Question

The concentration C of certain drug in a patient's bloodstream t hours after injection is given by

C(t)= t/3t^2+5

Required:
a. Find the horizontal asymptote of C(t). (Answer must be in slope-intercept form.)
b. Determins what happens to the concentration of the drug as t increases. As t increases, what value will c(t) approach.
c. Determine the time at which the concentration is highest.

Answer 1

a) The horizontal asymptote of
`C(t)` is
`c = 0`.

b) When t increases, both the numerator and denominator increases, but given that the grade of the polynomial of the denominator is greater than the grade of the polynomial of the numerator, then the concentration of the drug converges to zero when time diverges to the infinity.
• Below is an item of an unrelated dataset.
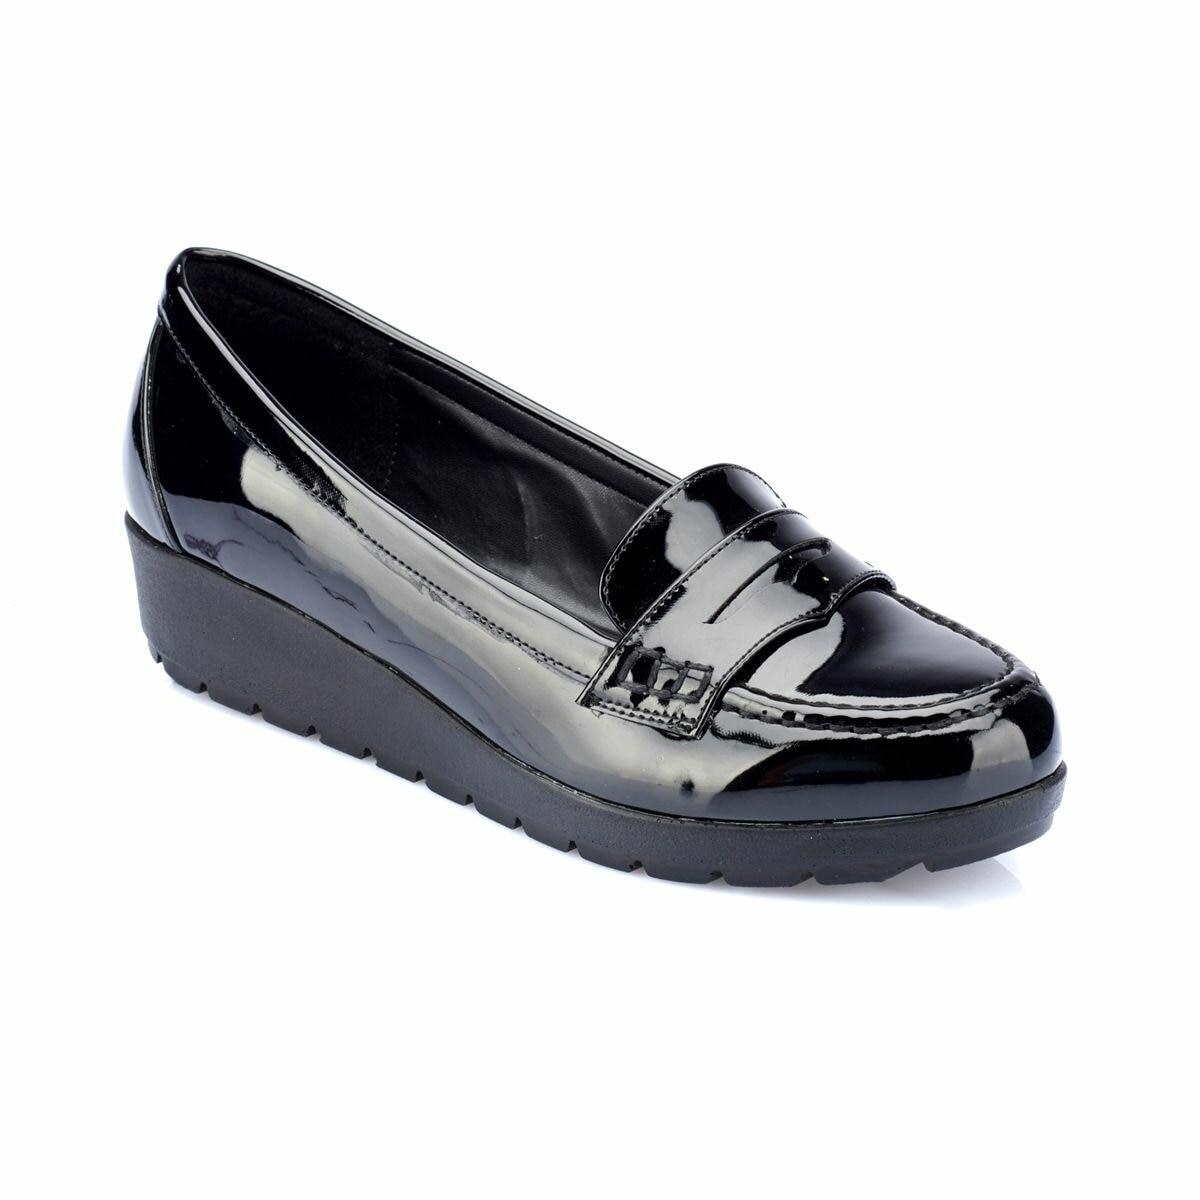 FLO 82.156027.Z Black Women Shoes Polaris

There is a monotonous decrease behavior.

c) The time at which the concentration is highest is approximately 1.291 hours after injection.

Explanation:

a) The horizontal asymptote of
`C(t)` is the horizontal line, to which the function converges when
`t` diverges to the infinity. That is:

`c = \lim _(t\to +\infty) (t)/(3\cdot t^(2)+5)` (1)
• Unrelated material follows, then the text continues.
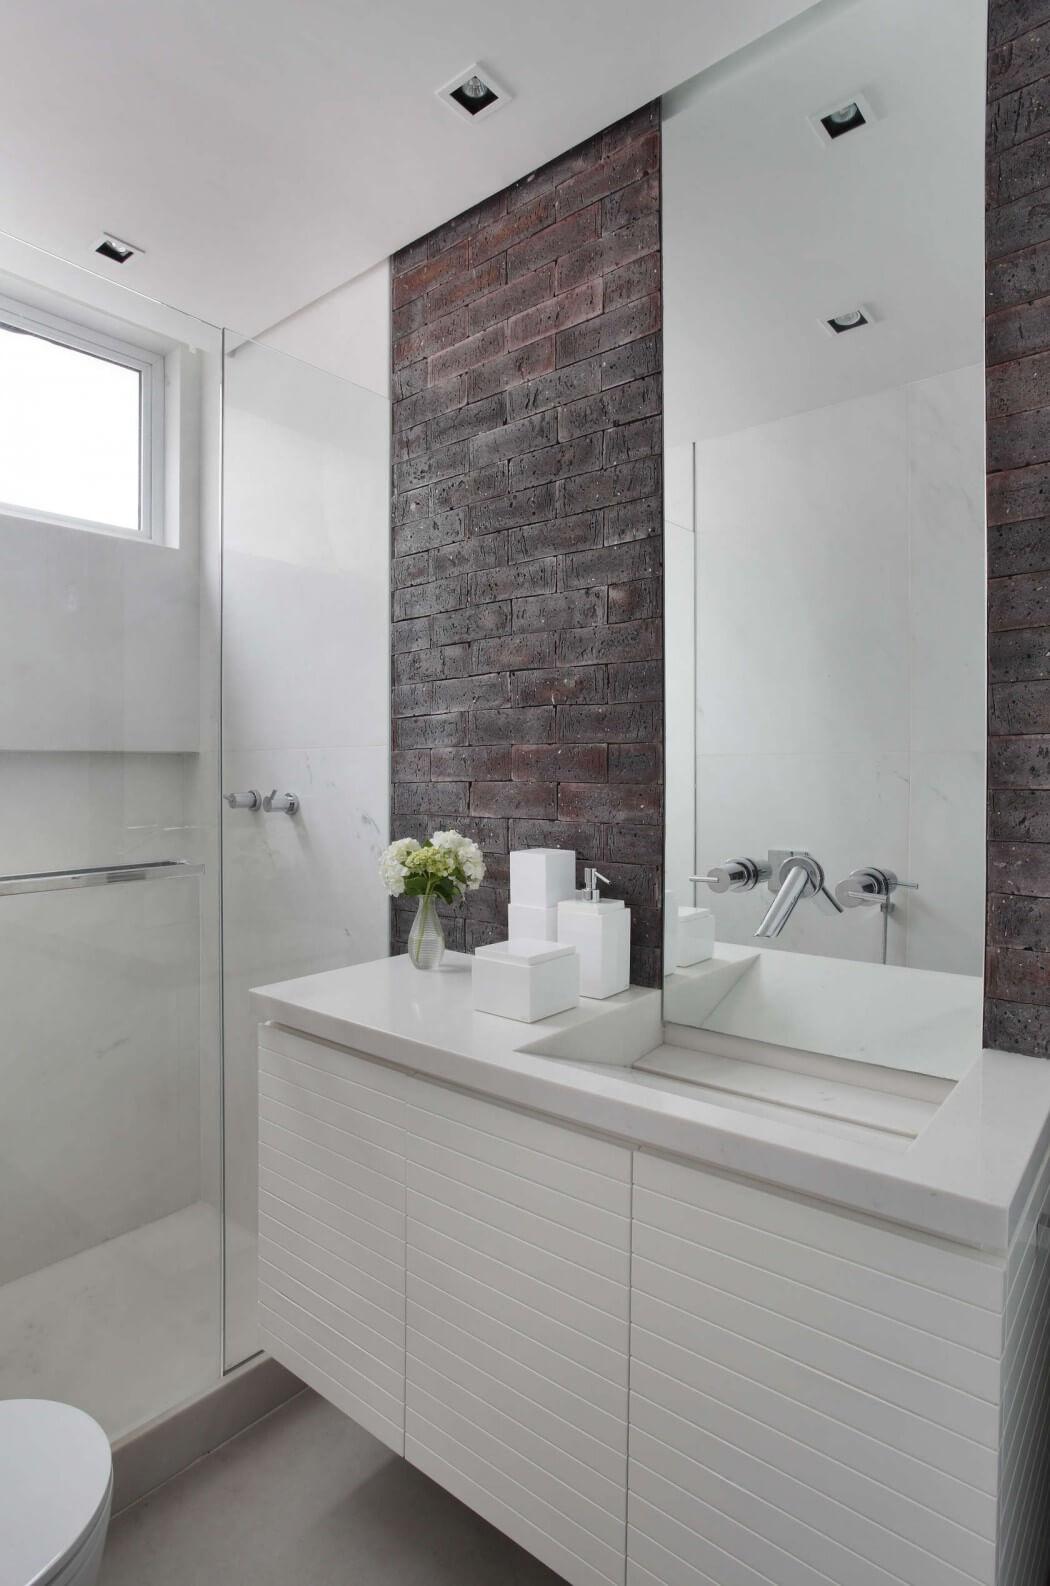 011-vf-apartment-studio-roca-1050x1586

`c = \lim_(t\to +\infty)\left((t)/(3\cdot t^(2)+5) \right)\cdot \left((t^(2))/(t^(2)) \right)`

`c = \lim_(t\to +\infty)((t)/(t^(2)) )/((3\cdot t^(2)+5)/(t^(2)) )`

`c = \lim_(t\to +\infty) ((1)/(t) )/(3+(5)/(t^(2)) )`

`c = (\lim_(t\to +\infty)(1)/(t) )/(\lim_(t\to +\infty)3+\lim_(t\to +\infty)(5)/(t^(2)) )`

`c = (0)/(3+0)`

`c = 0`

The horizontal asymptote of
`C(t)` is
`c = 0`.

b) When t increases, both the numerator and denominator increases, but given that the grade of the polynomial of the denominator is greater than the grade of the polynomial of the numerator, then the concentration of the drug converges to zero when time diverges to the infinity. There is a monotonous decrease behavior.
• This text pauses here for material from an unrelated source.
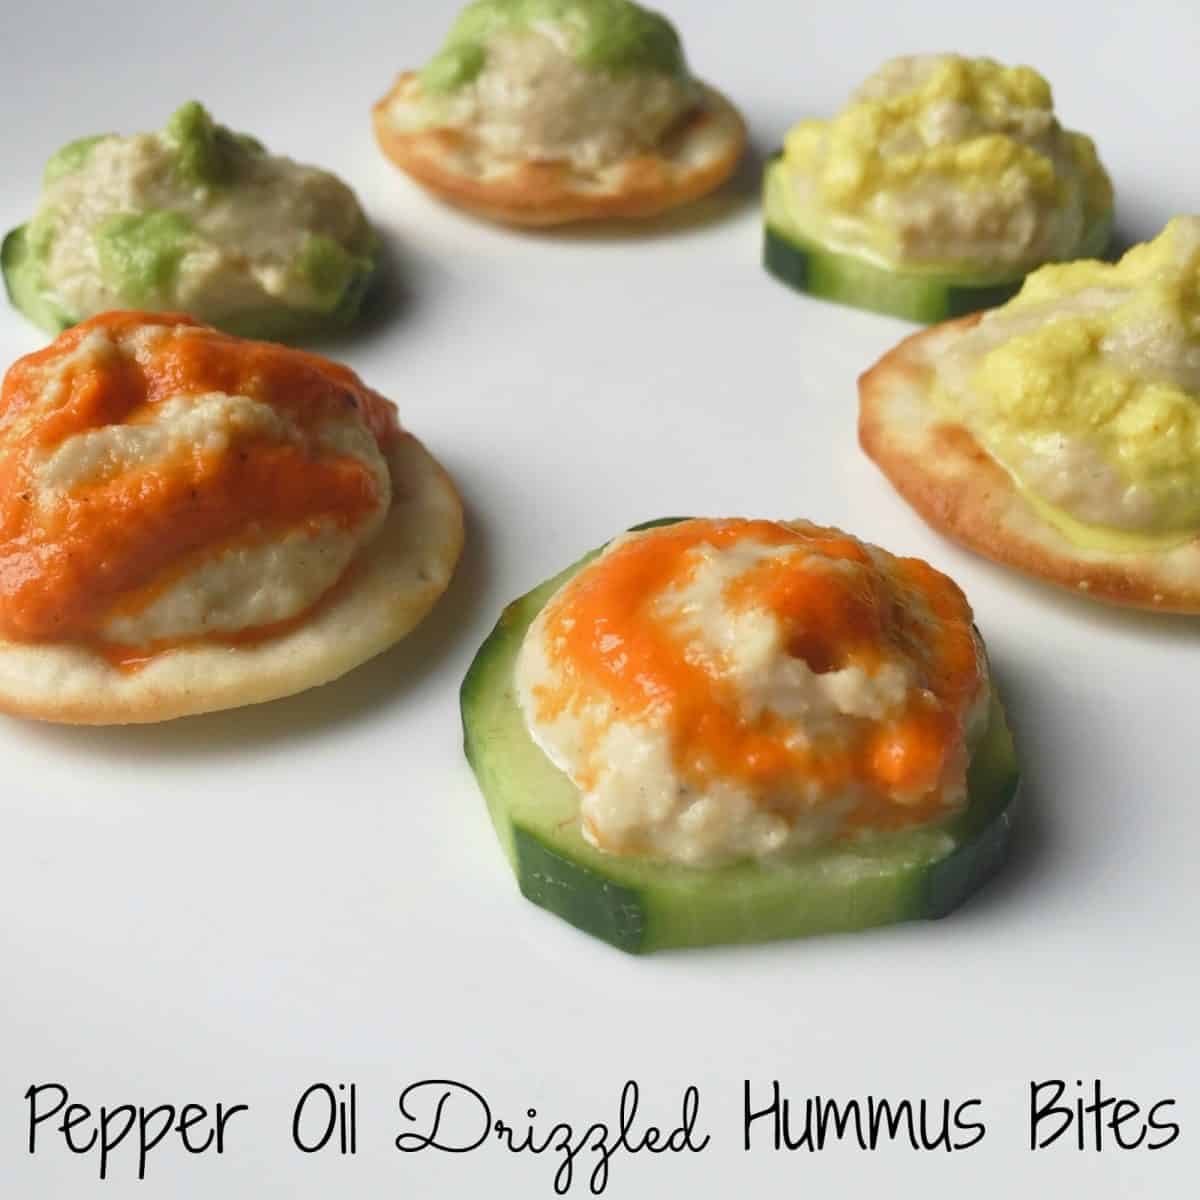 Pepper Oil Drizzled Hummus Bites

c) From Calculus we understand that maximum concentration can be found by means of the First and Second Derivative Tests.

First Derivative Test

The first derivative of the function is:

`C'(t) = ((3\cdot t^(2)+5)-t\cdot (6\cdot t))/((3\cdot t^(2)+5)^(2))`

`C'(t) = (1)/(3\cdot t^(2)+5)-(6\cdot t^(2))/((3\cdot t^(2)+5)^(2))`

`C'(t) = (1)/(3\cdot t^(2)+5)\cdot \left(1-(6\cdot t^(2))/(3\cdot t^(2)+5) \right)`

Now we equalize the expression to zero:

`(1)/(3\cdot t^(2)+5)\cdot \left(1-(6\cdot t^(2))/(3\cdot t^(2)+5) \right) = 0`

`1-(6\cdot t^(2))/(3\cdot t^(2)+5) = 0`

`(3\cdot t^(2)+5-6\cdot t^(2))/(3\cdot t^(2)+5) = 0`

`5-3\cdot t^(2) = 0`

`t = \sqrt{(5)/(3) }\,h`

`t \approx 1.291\,h`

The critical point occurs approximately at 1.291 hours after injection.

Second Derivative Test

The second derivative of the function is:

`C''(t) = -(6\cdot t)/((3\cdot t^(2)+5)^(2))-((12\cdot t)\cdot (3\cdot t^(2)+5)^(2)-2\cdot (3\cdot t^(2)+5)\cdot (6\cdot t)\cdot (6\cdot t^(2)))/((3\cdot t^(2)+5)^(4))`

`C''(t) = -(6\cdot t)/((3\cdot t^(2)+5)^(2))- (12\cdot t)/((3\cdot t^(2)+5)^(2))+(72\cdot t^(3))/((3\cdot t^(2)+5)^(3))`

`C''(t) = -(18\cdot t)/((3\cdot t^(2)+5)^(2))+(72\cdot t^(3))/((3\cdot t^(2)+5)^(3))`

If we know that
`t \approx 1.291\,h`, then the value of the second derivative is:

`C''(1.291\,h) = -0.077`

Which means that the critical point is an absolute maximum.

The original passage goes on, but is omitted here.